I’d spent several years on spring mornings with Dr. Kynard, presenting an environmental program centered on this dewatered stretch. In 2013, I authored the idea and name for Shortnose Stout, brewed several years back by The People’s Pint. On its label, I highlighted Kynard’s website and the lack of sustaining flows causing repeat sturgeon reproductive failures here.

I left the bridge and ran across to the Discovery Center to try and reach authorities. No luck. When I ran back ,the kid was gone. But two others were nearby. I warned them off, then jumped on my bicycle, heading for the USGS Conte Lab two miles away. I leaned on the buzzer, asking for Micah Kieffer or the lab’s science team manager, Brett Towler. Brett was in his office. He pulled up a satellite zoom and I pointed out the stranding pool. I said I’d head back there while he found Micah and called Firstlight.

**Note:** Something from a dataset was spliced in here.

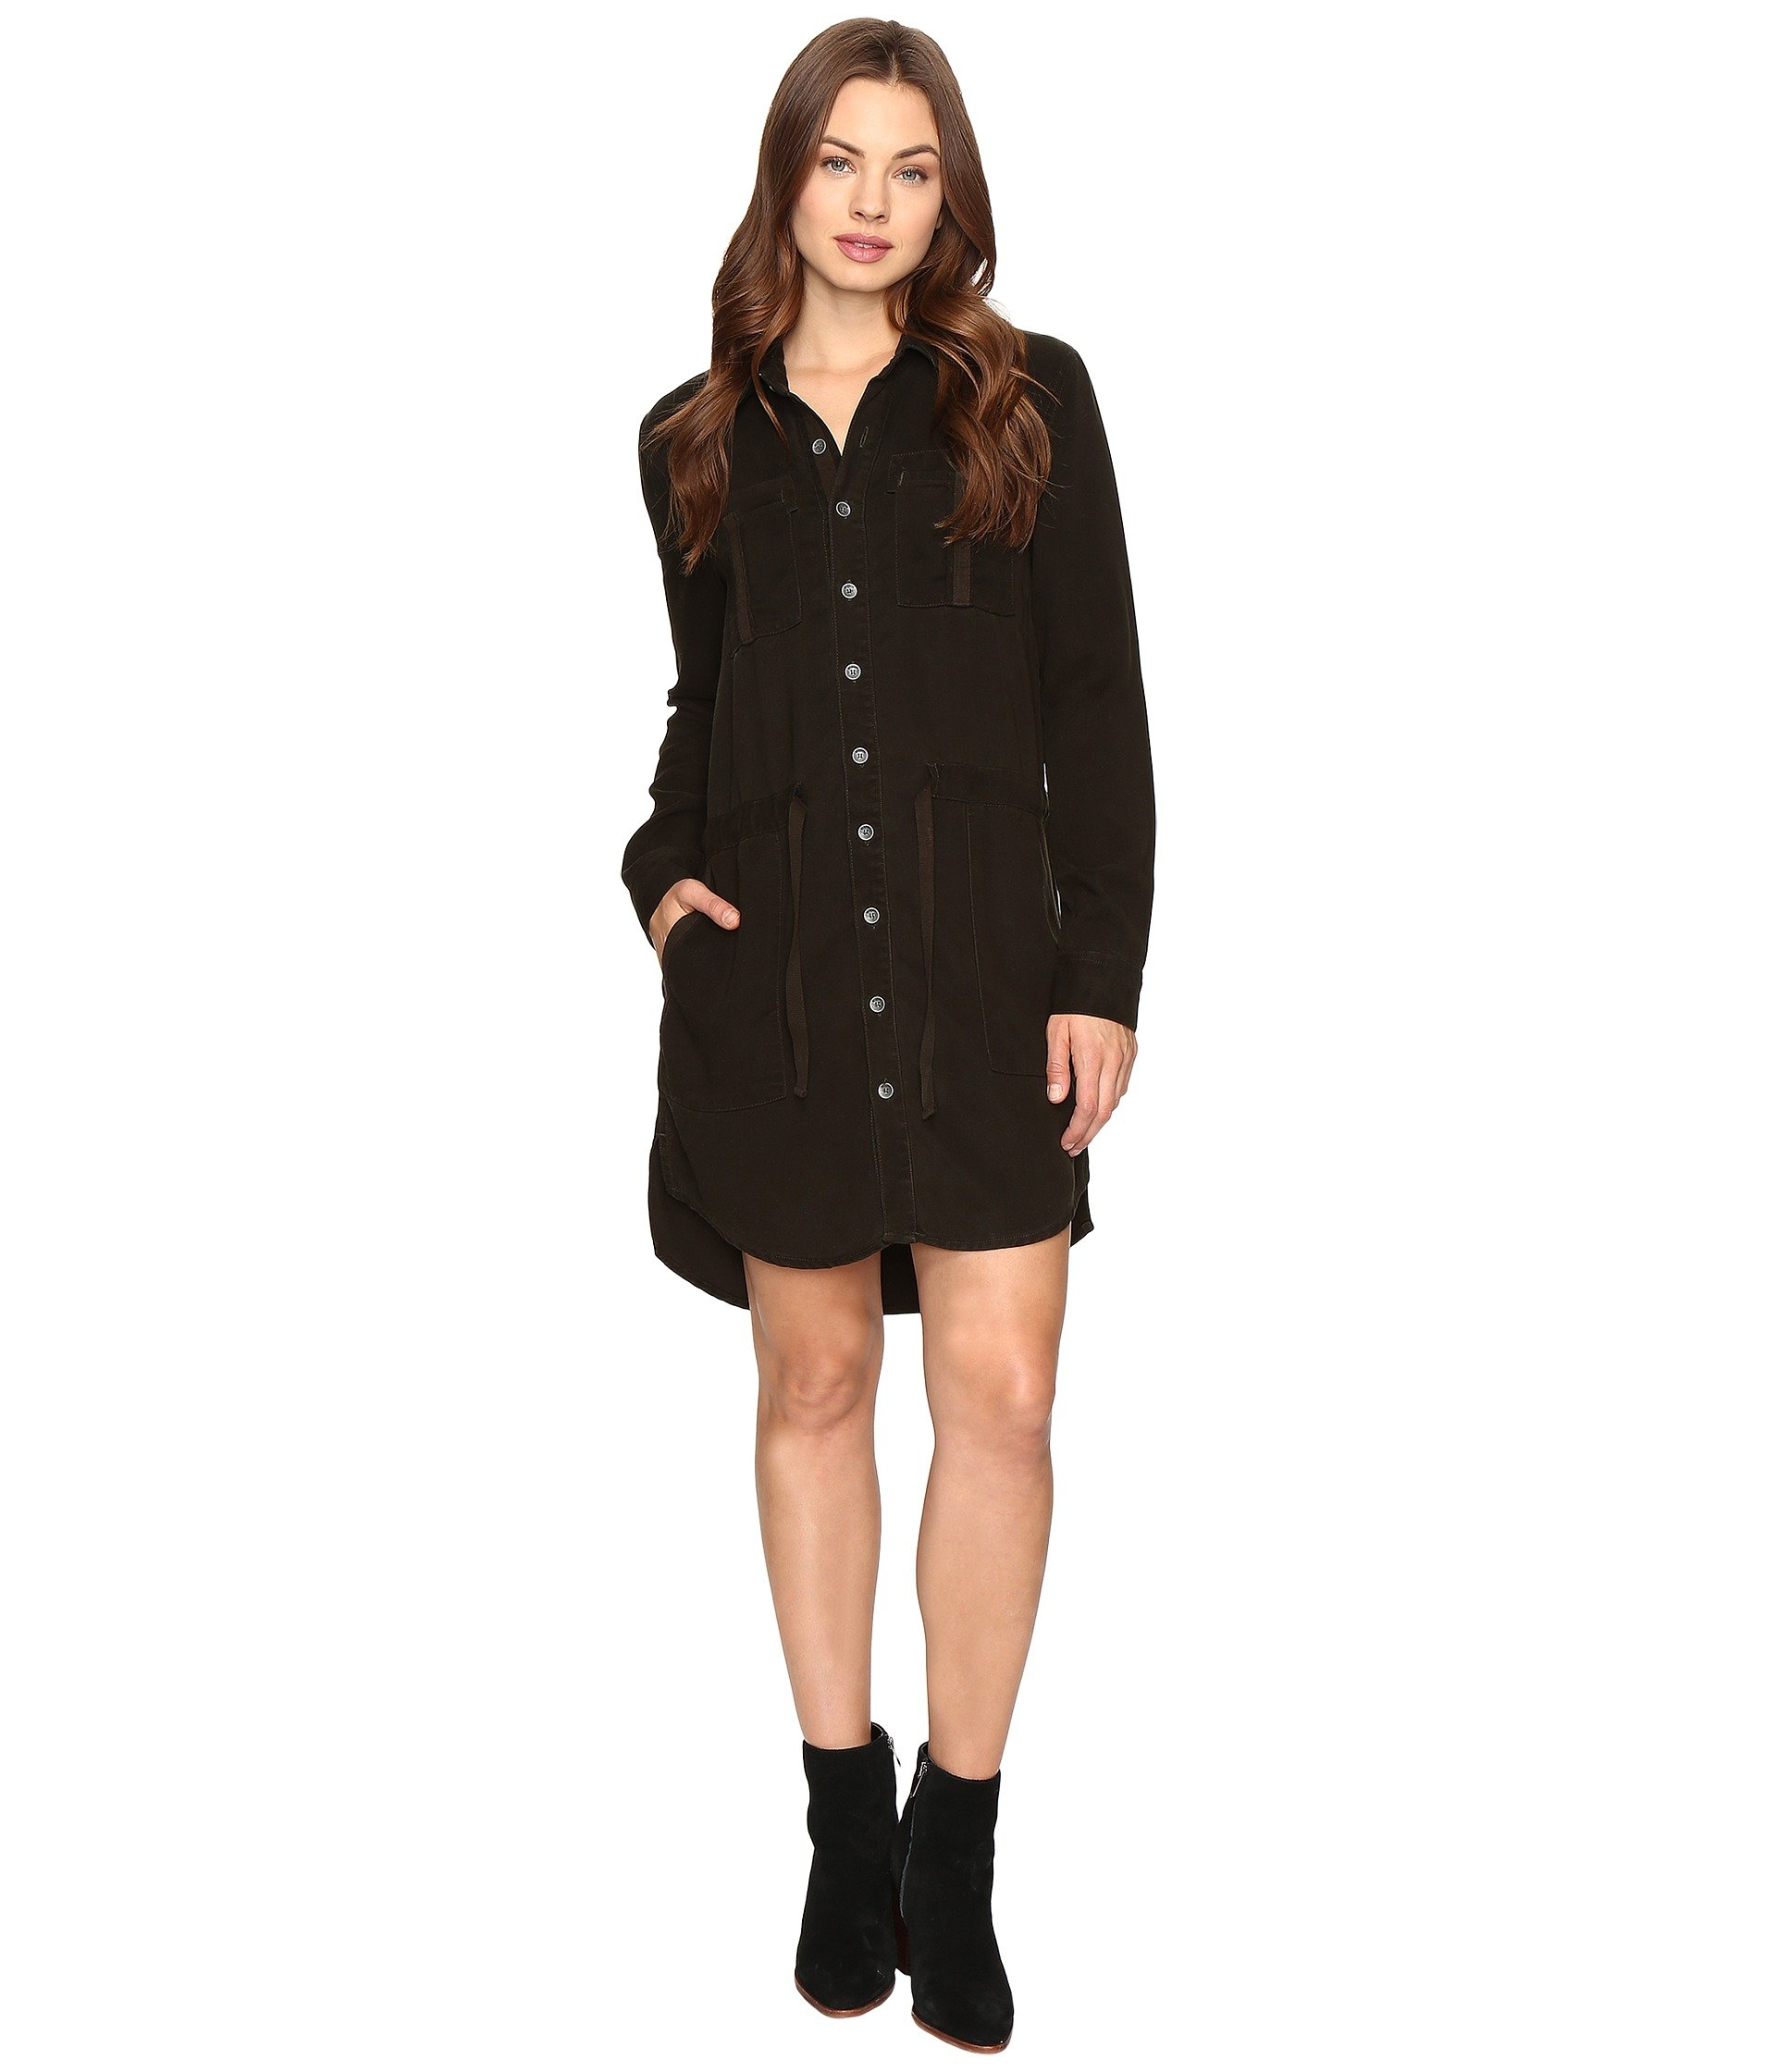 Peyton Military Shirt Dress - Unrestrained Black

But a storm loomed. So, when a Greenfield bus appeared, I jumped on. At home, I grabbed binoculars and hopped in the car. But when I ran out on the riverbed, thunder stopped me. Walking back to the bridge I found FirstLight’s Steve Leach. “Yup, it’s a sturgeon.” We went over for a look. Barring weather, they’d do a rescue. “It should take maybe an hour,” he said. It began to pour.

Heading home, I still had no documenting photos. A new stranding would be important for agency records, and the public should be aware. Though soggy, I stopped by the Recorder and told photographer Paul Franz a sturgeon rescue should be happening, in maybe an hour.

After changing at home, I thought, “I’d like to see it freed.” This time I found Franz on the bridge. “Did you see the sturgeon?” I asked. “Couldn’t find it.” “Come on, I’ll show you.” The storm had ended. The fish swam slowly in its murky prison. Paul took pictures. At around 6:30 p.m. it became clear there’d be no evening rescue.

At 7:35 a.m. the next morning, I took photos as Micah Kieffer and Steve Leach netted the fish. Kieffer tagged it, then Leach walked it down to a narrow lower pool, toward a thin flow washing into the emptied bed off the canal.

As to theories regarding this stranding, I’ll go with a principle first related to me by Boyd Kynard. Known as Occam’s razor, it holds that the simplest explanation is the one most likely to prove true. An endangered fish was swimming in its home river here. Then, the river flow was abruptly cut, leaving no flow and no escape toward a tiny pool below a shuttered dam.

No $1,000 fines should be levied on these de-rivered sturgeon. “Occam” finds them not responsible.

Karl Meyer lives in Greenfield. He is a member of the Society of Environmental Journalists.